Вот чудак. Надобно будет подобрать. Потом.
– Сначит, каваришь, отцу решил помочь? – с легким иноземным акцентом молвил новый знакомый.
Ваня кивнул и снова шмыгнул носом.
– Хм, хм! Надобно будет расскасать Белинде!
Старик взял мальчика за плечи и, притянув вплотную к себе, впился взглядом ему в глаза. Лицо с впалыми щеками густо напудрено, и все равно можно было разглядеть на нем старые шрамы, словно от ожогов.
Из его рта дурно пахло, и Ванюшка попытался отстраниться.
Не вышло. Ферт вцепился в него намертво. Да еще и мурлыкал себе под нос странную песенку:
Marlbrough s'en va-t-en guerre,
Mironton, mironton, mirontaine…
Длился осмотр пару минут, показавшихся бесконечными.
– Прошивет грешно и умрет смешно… – пробормотал себе под нос худосочный и наконец отпустил добычу.
Развернулся и медленно пошел к расписному рыдвану, стоявшему неподалеку от церкви. С облучка мигом соскочил ражий молодец и услужливо распахнул перед стариком дверцу. Тот немного замешкался, что-то сказал своему служителю, вяло махнув рукой в сторону стоявшего столбом Вани. Кучер внимательно посмотрел на мальчика, кивнул и ответил худосочному на чужеземном наречии.
Мужчина в смешном парике уселся в рыдван.
Взмах кнута…
И только ледяные брызги прыснули из-под полозьев.

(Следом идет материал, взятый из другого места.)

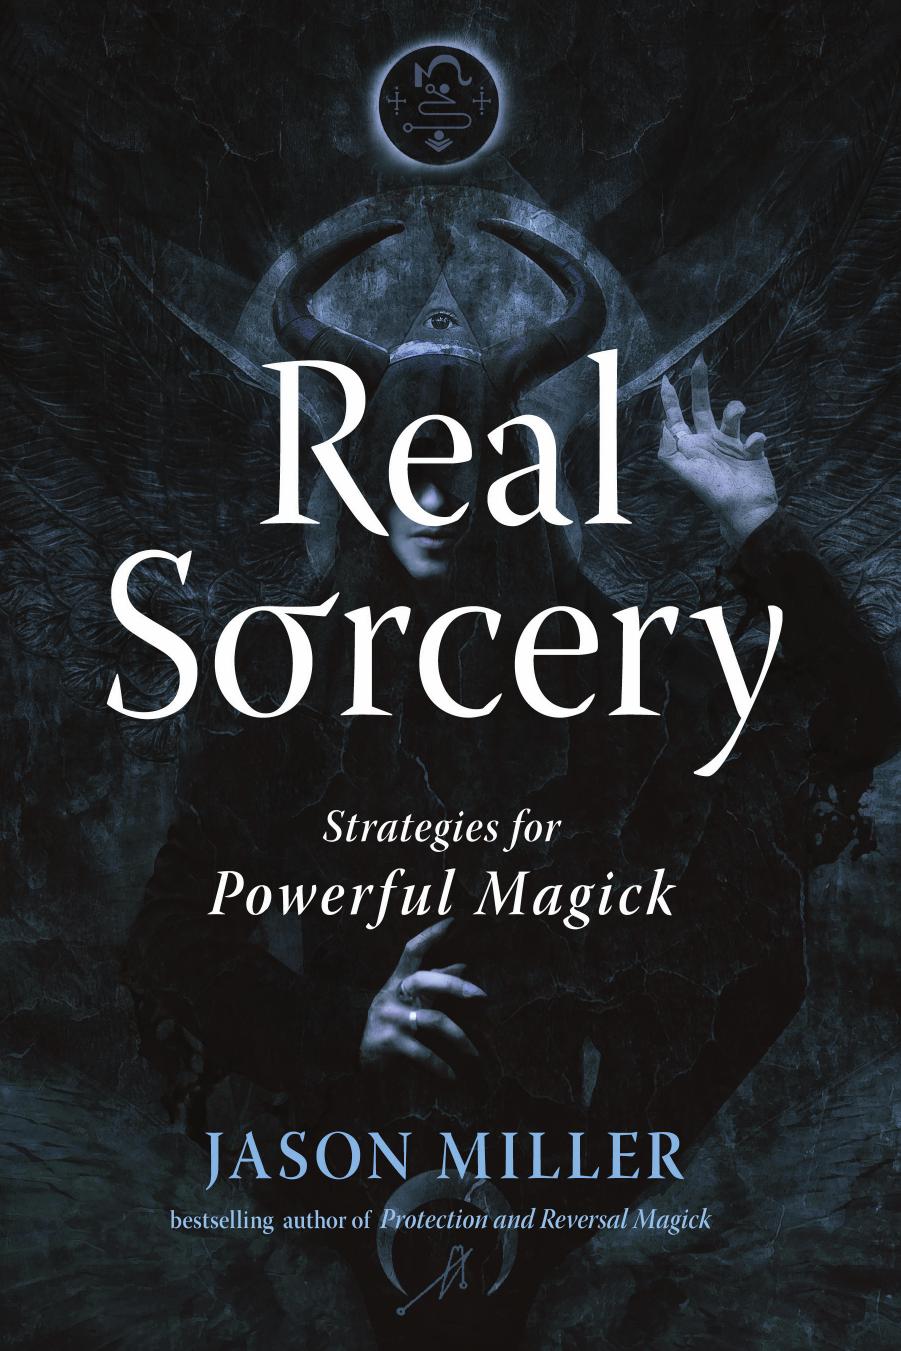 Real Sorcery: Strategies for Powerful Magick (Strategic Sorcery Series) by Jason Miller

Погодив чуток, Ванятка подобрал выброшенный чудным стариком платок. Надобно будет маменьке подарить. Авось и минется.
Не минулось.
Досталось тощему Ванюшкину заду по первое число. И за озорство, и за глупость (ишь, чего удумал, щенок, красного петуха отцу подпустить!). Да и за кружевную тряпицу (не болтай с кем ни попадя!).
В общем, сек тятенька, пока розга в руке не сломалась. Вторую брать не стал. Поглядел на баловника, вздохнул тяжко и истово перекрестился на икону Богоматери Казанской.
– Оборони и наставь, Заступница…
– Трапезничать идите, мужички! – позвала опасливо матушка.
Отец Семен приобнял всхлипывающего сына за плечи, прижал к себе. Уже было поуспокоившийся Ванятка от тятенькиной ласки разнежился и снова залился белугой.
– Ну будет, будет ужо… – шмыгнул носом иерей, поднимая мальчика на руки.
Прошел к столу, уселся на лавку, не спуская ребенка с колен. Знал, что сидеть сынку на жестком дереве сейчас несподручно.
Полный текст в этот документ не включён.